Pubdate: Tue, 28 May 2002
Source: Newsday (NY)
Copyright: 2002 Newsday Inc
Author: Thomas D. Elias


Vancouver, British Columbia - American medical marijuana activists have 
been heading to Canada in the past year, joining a fast-growing expatriate 
community reminiscent of the draft dodgers of the 1960s and '70s.

Most of the medipot users have come since July 30, when Canada instituted 
new regulations that allow users of medipot to grow and smoke a specified 
amount of marijuana after they demonstrate a medical necessity and get 
permits from local authorities. The amount each is allowed to use varies 
from case to case.

Canadian authorities say they are unsure exactly how many new immigrants 
from America are medipot refugees. "They don't usually list that on our 
paperwork as their reason for coming here," says An-gela Battiston of the 
Canadian immigration service.

But so-called "compassion clubs" of pot users say the number of medipot 
refugees probably is in the hundreds.

"We have several here and we're just a small town," said an officer of the 
Sunshine Coast Compassion Club, located in Sechelt, British Columbia, a 
town of 18,000 reachable only by a one-hour ferry from Vancouver.

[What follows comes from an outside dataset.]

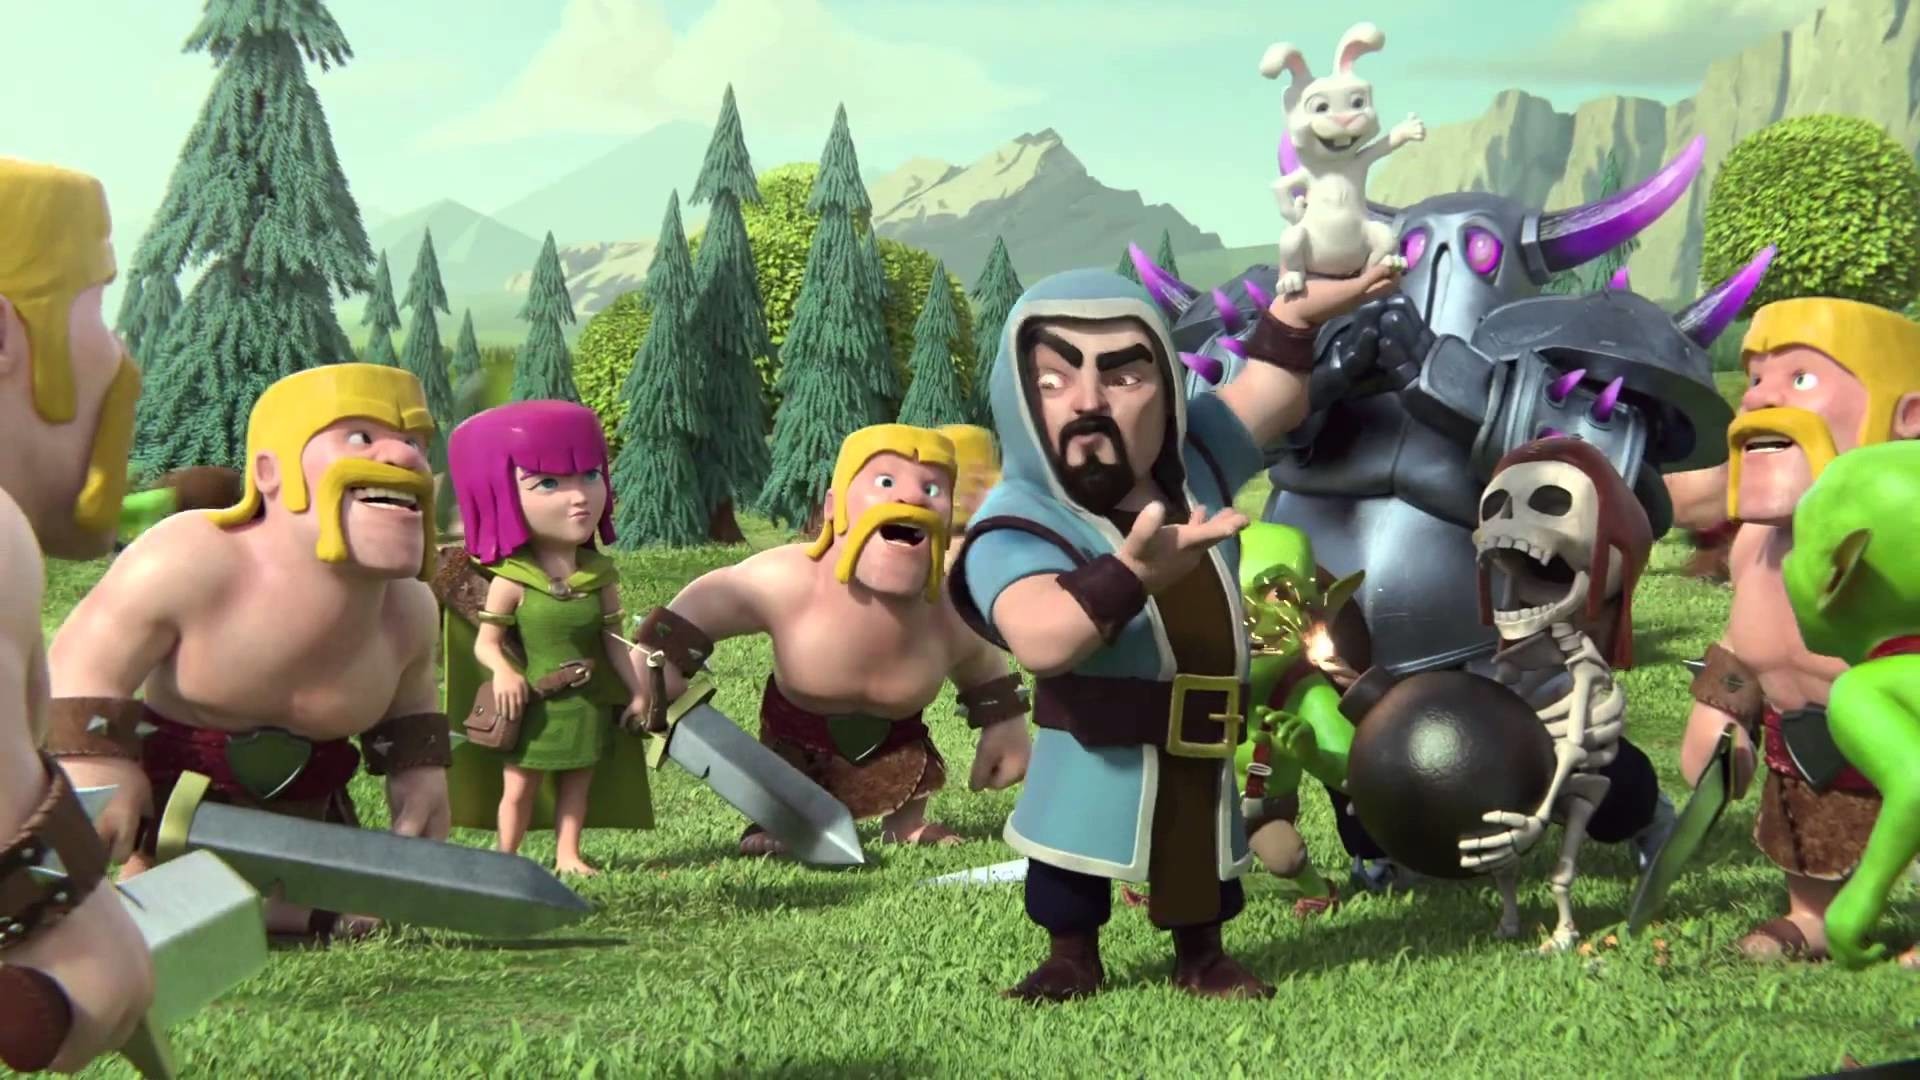 Download Clash Of Clans Chrome New tab & Wallpapers Cool Wallpapers app...

Some of the activists as well as their Canadian supporters have compared 
the immigrants to the young Americans who fled to Canada during the Vietnam 
War seeking refuge from a draft law they opposed.

"Canada has a history of protecting people from their own governments," 
said Renee Boje, a medical marijuana user fighting extradition from British 
Columbia to California on drug charges.

"We're really not like draft dodgers fleeing the Vietnam War," says Steve 
Kubby, the 1998 Libertarian Party candidate for governor of California. 
"For many of us, this is a matter of life and death."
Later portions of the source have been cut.